Pictures excluded, retype the lines from the one containing "trainingsbroek oranje, Oranje" through the last line of the data below, both included.

Exercise data:

/---

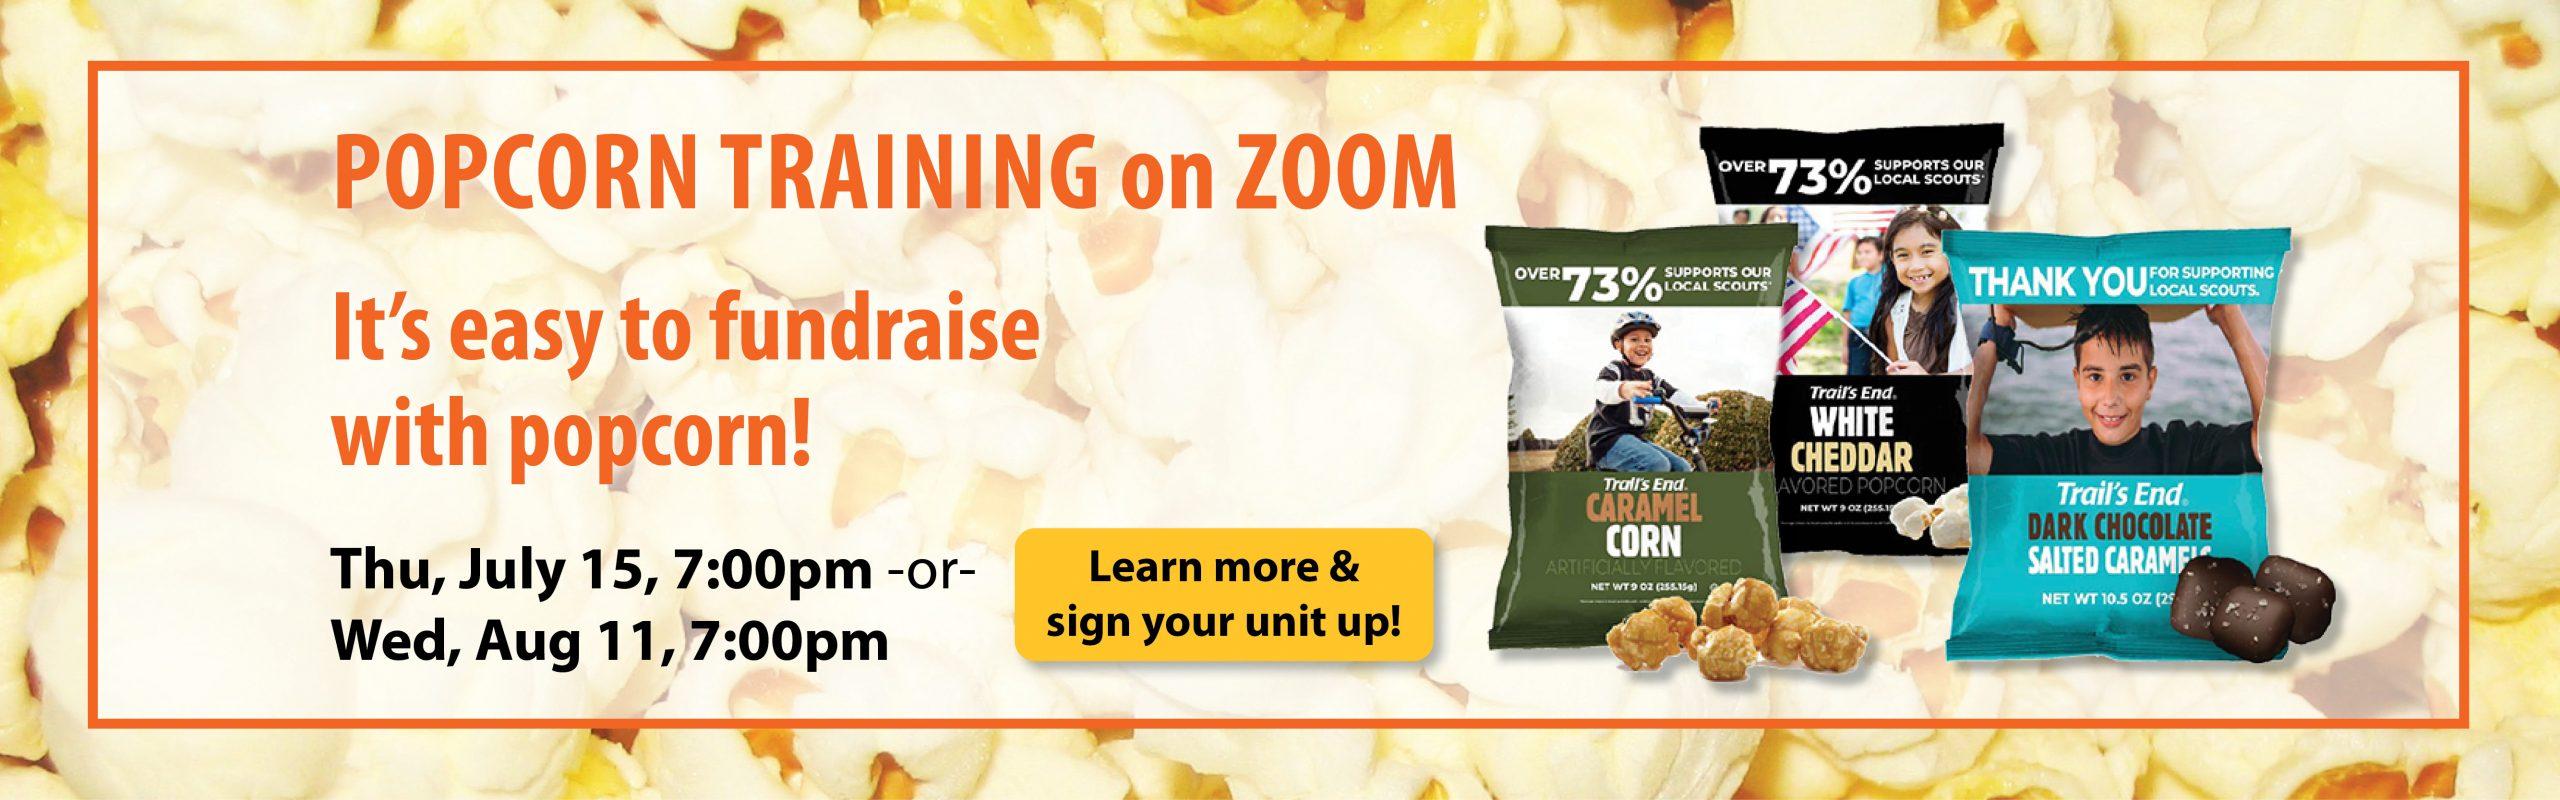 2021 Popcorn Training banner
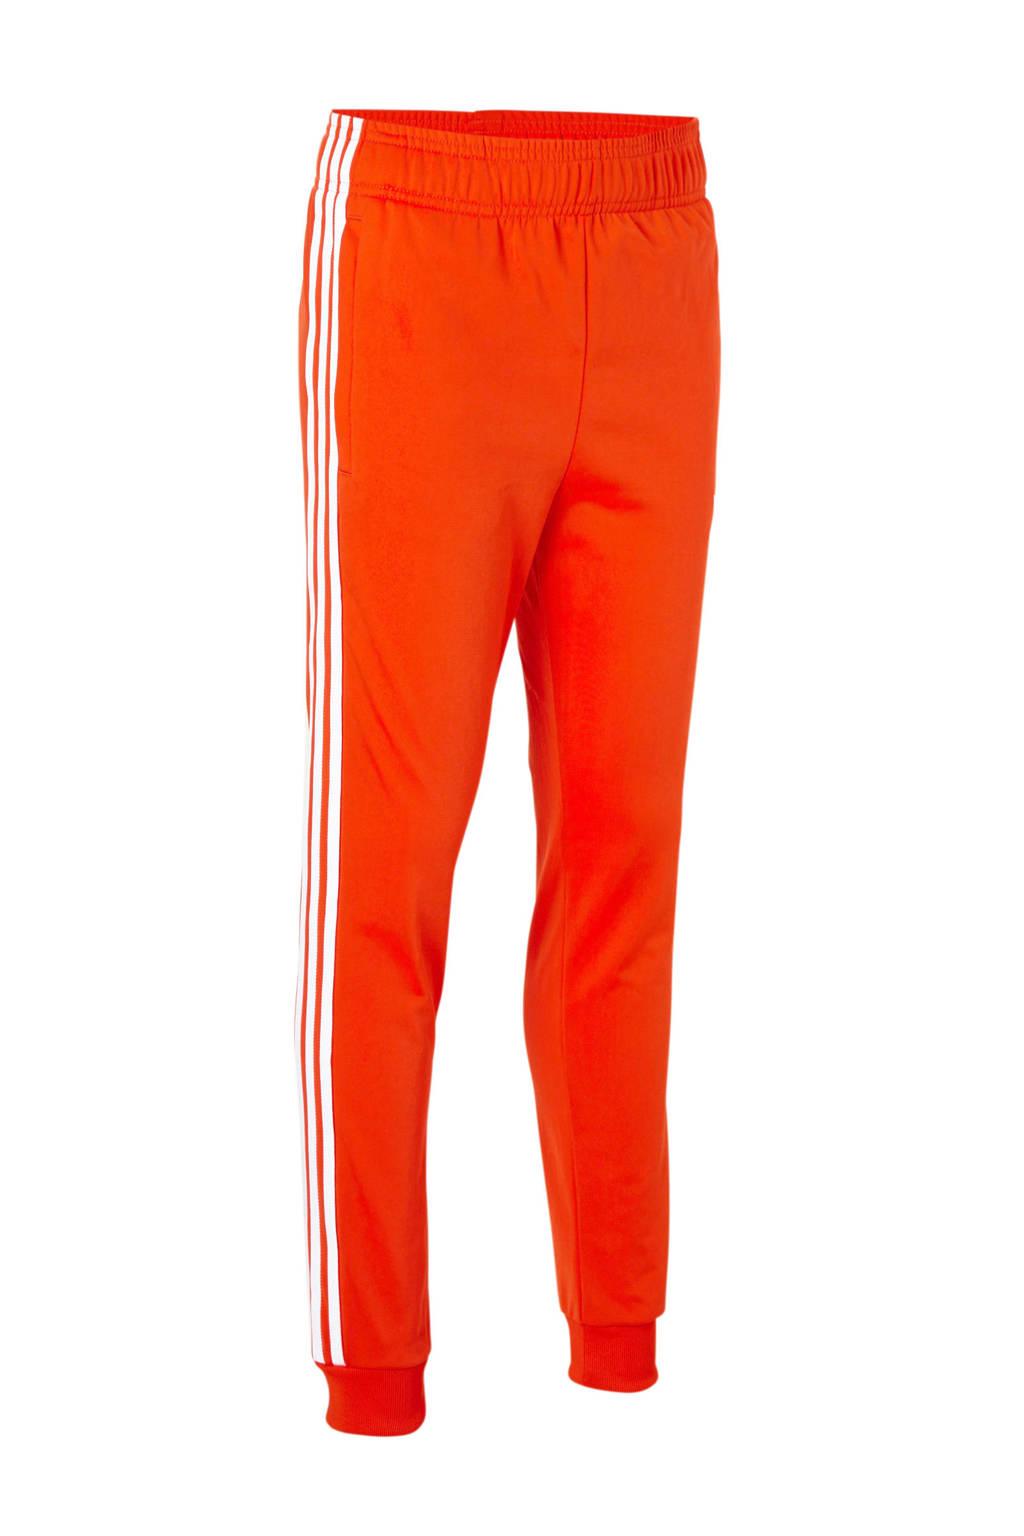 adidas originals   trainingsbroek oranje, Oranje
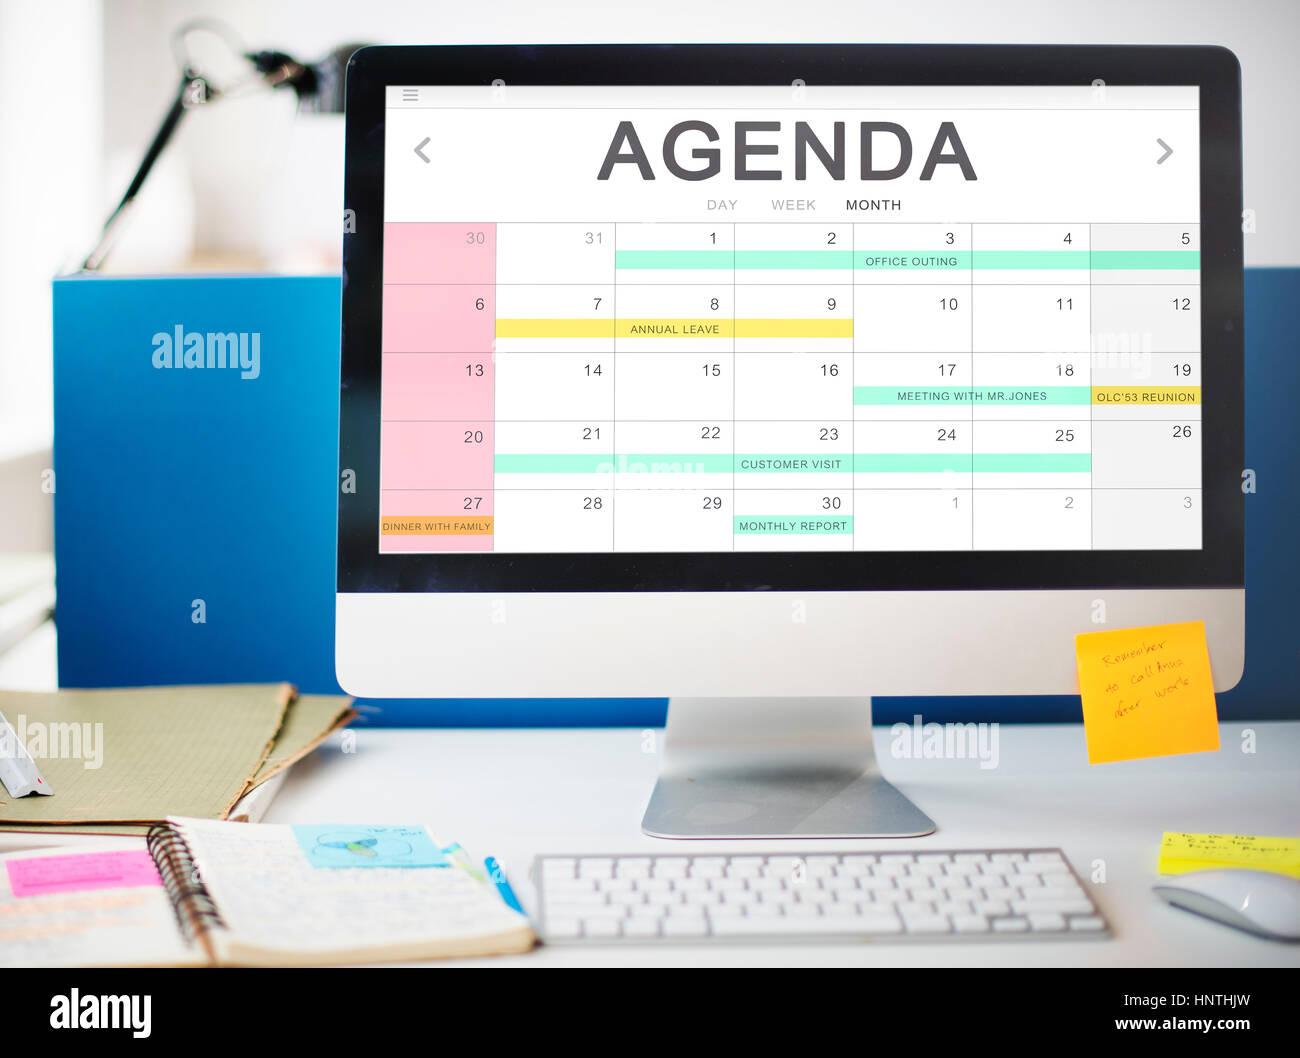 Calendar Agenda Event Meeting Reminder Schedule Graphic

\---

Output:
 adidas originals   trainingsbroek oranje, Oranje
 Calendar Agenda Event Meeting Reminder Schedule Graphic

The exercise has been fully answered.